When considering the AFLP core collection, we conclude that the 27 accessions enclosed 96% of the global genetic diversity and that only 9 markers were not represented by the core set. This difference is not significant showing that the core set of 27 accessions is an accurate representation of the molecular diversity of the 110 accessions.
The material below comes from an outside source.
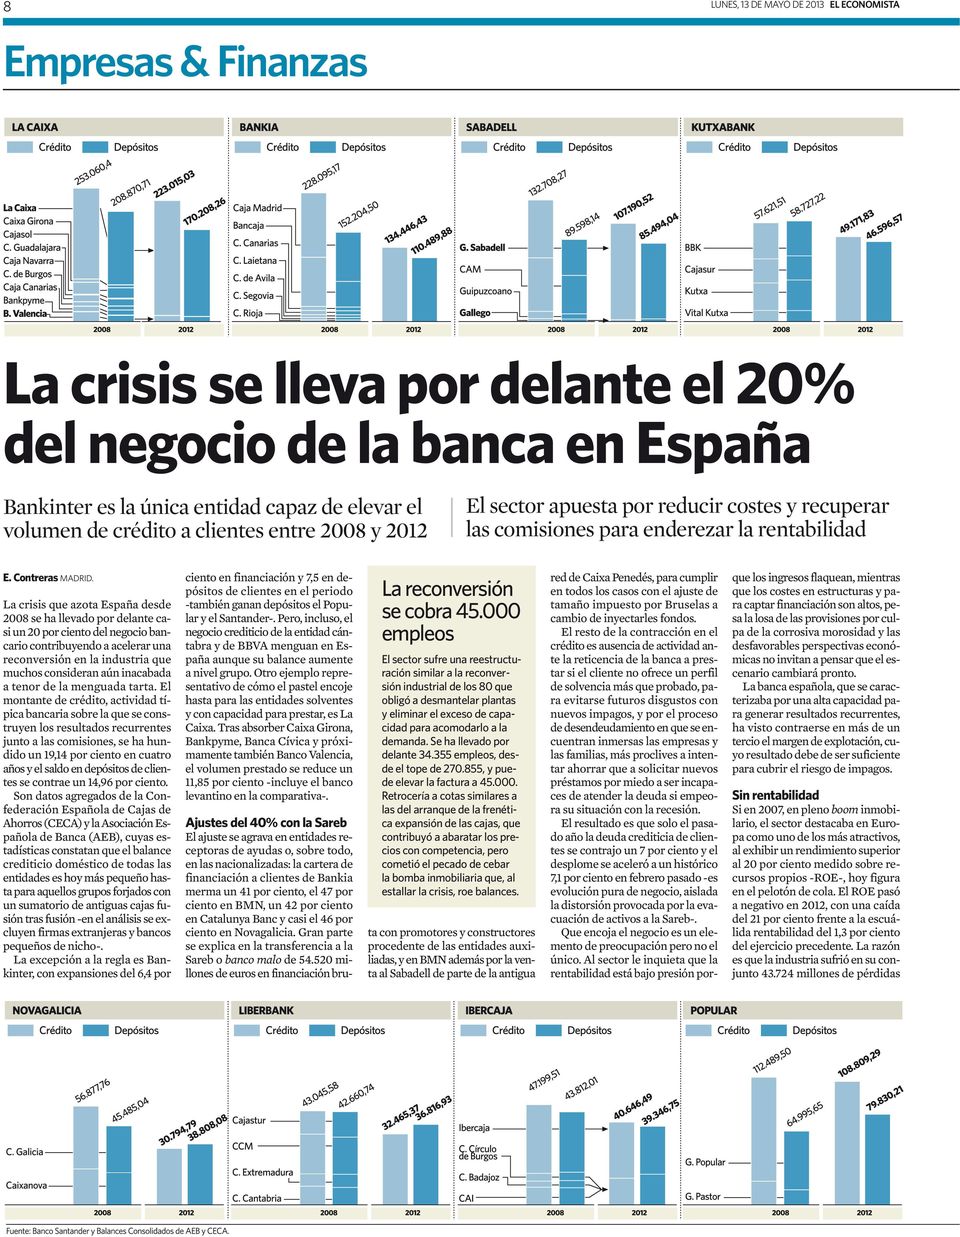 La crisis que azota España desde 2008 se ha llevado por delante casi un 20 por ciento del negocio bancario contribuyendo a acelerar una reconversión en la industria que muchos consideran aún
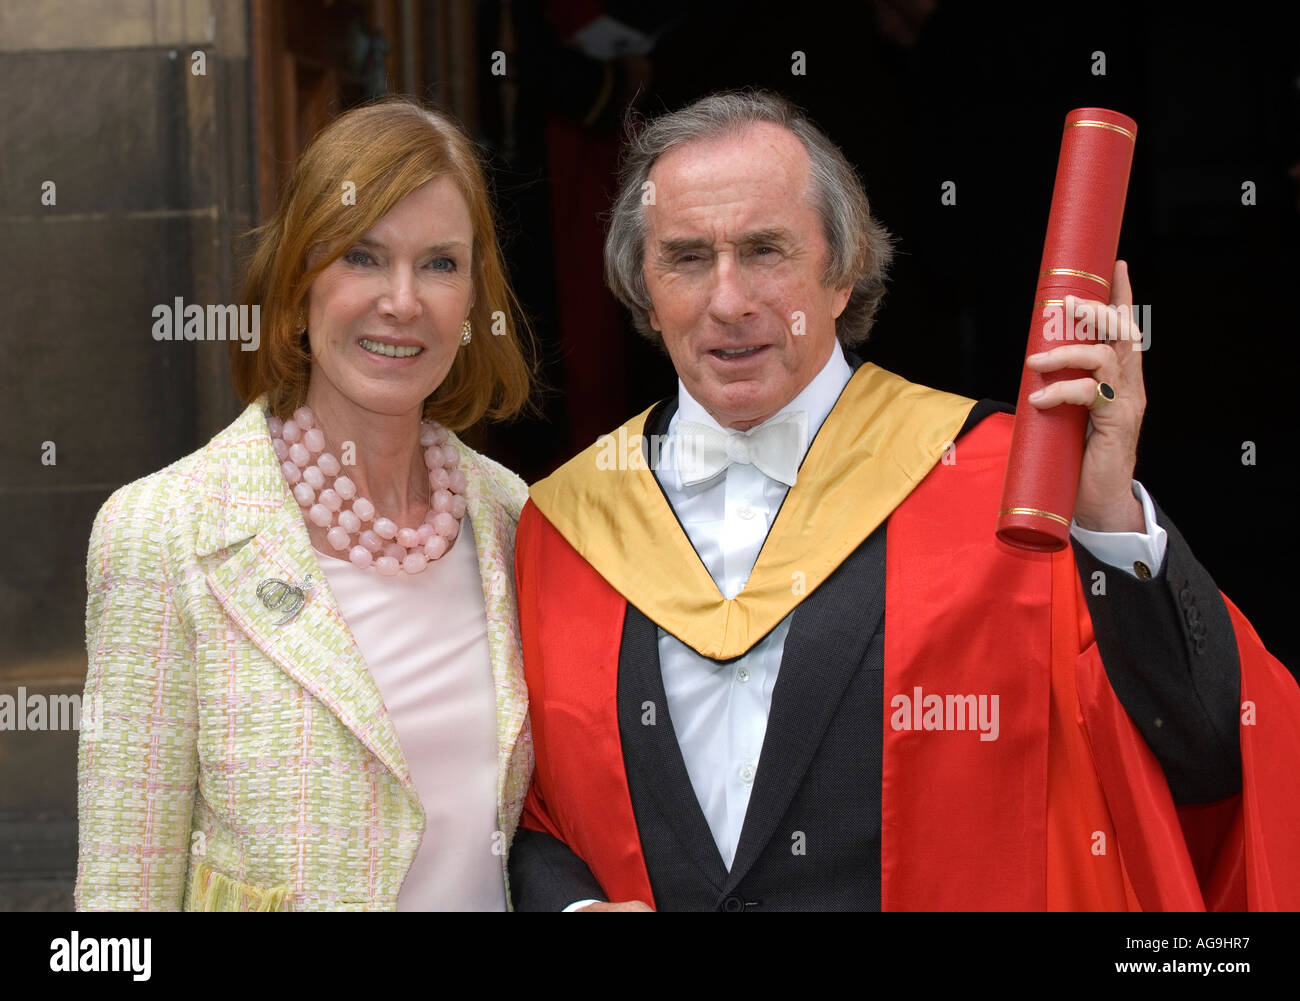 Ehemalige Formel 1-Rennfahrer Sir Jackie Stewart, mit seiner Frau erhält Ehrendoktorwürde von der University of Edinburgh Stockfoto

The comparison of the three core collections showed that the core issued from the combination of the two cores from morphological and AFLP markers is the most efficient.
On the other hand, sinceWard's minimum variance hierarchical clustering dendrogram was considered by Xiurong et al. (2000) as the most suitable for core selection when constructed with the same data base, we constructed a Ward's dedrogram. This resulted in the selection of a representative collection with 39 accessions among the 110 studied. Comparison of the two cores selected on the basis of morphological and molecular markers, using the Mstrat and Ward's methods shows a strong link between the two selected cores with almost 60% of similarity (results not shown).